▶ Data for processing
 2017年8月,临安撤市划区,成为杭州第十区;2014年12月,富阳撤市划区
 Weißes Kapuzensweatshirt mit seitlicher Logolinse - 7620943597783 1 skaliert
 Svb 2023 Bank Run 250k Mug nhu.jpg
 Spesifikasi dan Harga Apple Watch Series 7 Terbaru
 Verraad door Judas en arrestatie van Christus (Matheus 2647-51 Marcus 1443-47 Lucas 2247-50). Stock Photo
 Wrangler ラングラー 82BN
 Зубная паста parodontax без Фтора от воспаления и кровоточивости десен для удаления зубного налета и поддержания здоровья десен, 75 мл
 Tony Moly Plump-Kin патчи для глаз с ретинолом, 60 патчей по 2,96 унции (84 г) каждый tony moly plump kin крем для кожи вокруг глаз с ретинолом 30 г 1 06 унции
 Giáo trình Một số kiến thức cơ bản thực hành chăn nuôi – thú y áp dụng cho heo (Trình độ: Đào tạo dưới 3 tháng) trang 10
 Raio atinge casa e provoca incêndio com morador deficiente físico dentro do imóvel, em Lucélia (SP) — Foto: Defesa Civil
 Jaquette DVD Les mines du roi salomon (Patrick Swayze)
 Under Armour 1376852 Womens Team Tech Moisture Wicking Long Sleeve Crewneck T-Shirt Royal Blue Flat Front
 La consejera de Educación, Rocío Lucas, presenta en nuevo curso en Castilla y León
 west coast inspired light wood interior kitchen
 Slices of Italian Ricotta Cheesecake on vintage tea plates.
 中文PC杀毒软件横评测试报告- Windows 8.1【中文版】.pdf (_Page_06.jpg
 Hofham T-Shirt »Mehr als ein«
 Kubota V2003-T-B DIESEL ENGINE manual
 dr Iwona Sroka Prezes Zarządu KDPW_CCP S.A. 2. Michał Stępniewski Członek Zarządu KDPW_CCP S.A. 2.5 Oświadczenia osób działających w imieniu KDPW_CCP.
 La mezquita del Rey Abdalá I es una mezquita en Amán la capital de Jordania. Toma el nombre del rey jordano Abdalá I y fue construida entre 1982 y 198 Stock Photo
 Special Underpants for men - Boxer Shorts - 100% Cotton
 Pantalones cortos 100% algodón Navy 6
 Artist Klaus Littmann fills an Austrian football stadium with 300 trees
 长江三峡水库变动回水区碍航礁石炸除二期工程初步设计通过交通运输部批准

▶ Task details
Set down nothing but the lines from the one with "Artist Klaus Littmann" through the end of the records, keeping each line exactly as written and including both ends.

▶ Written response
 Artist Klaus Littmann fills an Austrian football stadium with 300 trees
 长江三峡水库变动回水区碍航礁石炸除二期工程初步设计通过交通运输部批准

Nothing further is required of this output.